Le CESE rappelle que chaque enfant a droit aux vacances et aux loisirs. Il préconise de développer l’information sur les aides existantes et de renforcer le financement des accueils collectifs de mineurs.
Le CESE recommande de renforcer l’accompagnement et le soutien à la parentalité. Pour cela, il propose de faire connaître, rendre accessibles et soutenir financièrement les dispositifs existants : lieux ressources, maisons des familles, groupes de parole et de soutien, ateliers entre pairs, réseaux d’échanges, lieux d’accueil enfants-parents, ainsi que la protection maternelle et infantile.
Le CESE estime que le statu quo n’est plus tenable et appelle à faire évoluer les rythmes scolaires. Pour le premier degré, il recommande de réorganiser la journée et la semaine dans le cadre des concertations que le gouvernement s’est engagé à ouvrir avec tous les acteurs, y compris les élèves. Pour le second degré, il propose une répartition des temps d’enseignement respectueuse des besoins physiologiques, avec un cadre national adaptable aux réalités locales.
Le CESE suggère également un calendrier scolaire avec deux zones de vacances, une alternance de 7 semaines de cours et 2 semaines de repos, et le maintien des 8 semaines d’été et appelle à renforcer les moyens pour améliorer le bien-être des enfants et les conditions de travail des personnels éducatifs.

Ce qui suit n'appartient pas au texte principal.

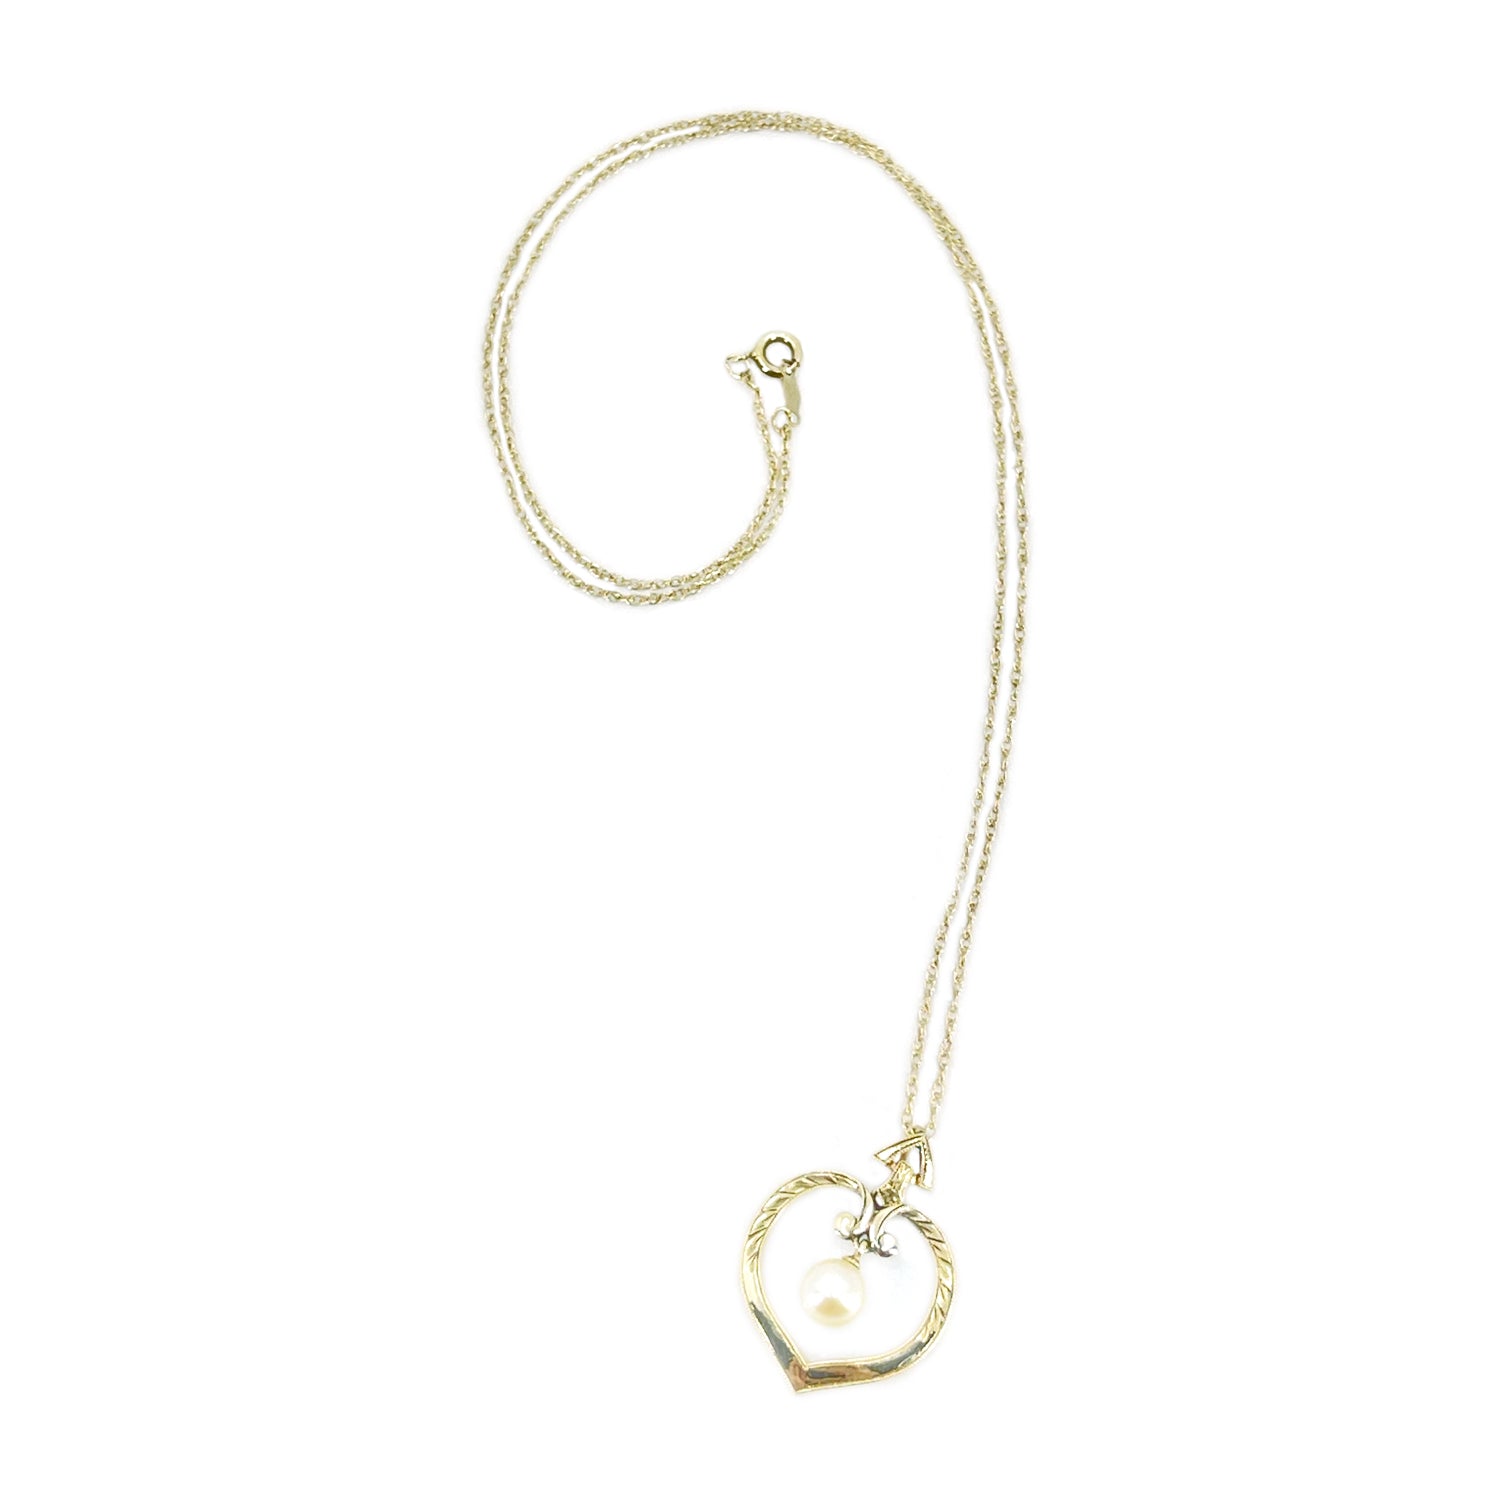 Mikimoto Deco Style Heart Vintage Japanese Saltwater Akoya Cultured Pearl Necklace- 14K Yellow Gold 18 Inch

3.    Mobiliser des leviers pour agir sur la santé et le bien-être 
Le CESE rappelle l’importance du lien à la nature pour la santé et le bien-être des enfants. Il recommande que chaque enfant ait accès à des espaces naturels, participe à des activités de plein air et bénéficie d’au moins un séjour en classe découverte par cycle scolaire.
Le CESE recommande au Gouvernement de lancer une campagne nationale et locale pour sensibiliser au rôle essentiel du sommeil et aux facteurs qui nuisent à sa qualité et à sa durée, avec des messages adaptés à tous les publics. Le CESE recommande également que chaque projet d’école et d’établissement prenne en compte les besoins de repos et de calme au cours de la journée et que des temps dédiés soient systématiquement prévus.
Le CESE recommande de soutenir financièrement les acteurs pour mettre en place une tarification sociale favorisant l’accès aux activités sportives. Il propose d’étendre et revaloriser le dispositif Pass’Sport, en incluant les associations sportives des écoles et établissements scolaires.


4.    Assurer une gouvernance claire et des moyens adaptés pour les acteurs des temps de l’enfant
Le CESE recommande de réhabiliter et renforcer le projet éducatif territorial (PEDT) en l’intégrant au volet éducation des Conventions Territoriales Globales (CTG) pour assurer une coordination efficace des acteurs éducatifs, avec un financement garanti par l’État.
Le CESE propose la création d’un service public de la continuité éducative (SPCE), chargé de réaliser un diagnostic local des besoins et de planifier les actions en lien avec le projet éducatif territorial. Ce dispositif doit favoriser la coopération entre tous les acteurs éducatifs et être coordonné à l’échelle nationale.
Le CESE préconise un effort budgétaire et pérenne de l’Etat et de la Sécurité sociale pour assurer des politiques publiques au service des droits et des besoins des enfants.

 

Les rapporteurs

Dominique Gallet est membre du CESE au titre des salariés, désignée par la Confédération générale du travail (CGT). Professeur de lycée professionnel, elle est conseillère confédérale à la CGT et siège au sein du Groupe CGT. Bernadette Groison est membre du CESE au titre des salariés, désignée par la Fédération syndicale unitaire (FSU). Professeur des écoles et ancienne secrétaire générale de la FSU, elle siège au sein du Groupe Alternatives sociales et écologiques. Evanne Jeanne-Rose est membre du CESE au titre de la cohésion sociale et territoriale et de la vie associative, désigné par le Comité pour les relations nationales et internationales de jeunesse et d’éducation populaire (Cnajep). Animateur pédagogique et vice-président de l’Union nationale pour l’habitat des jeunes, il siège au sein du Groupe des Organisations étudiantes et des mouvements de jeunesse. 
L’avis a été voté à l’unanimité avec 131 voix pour.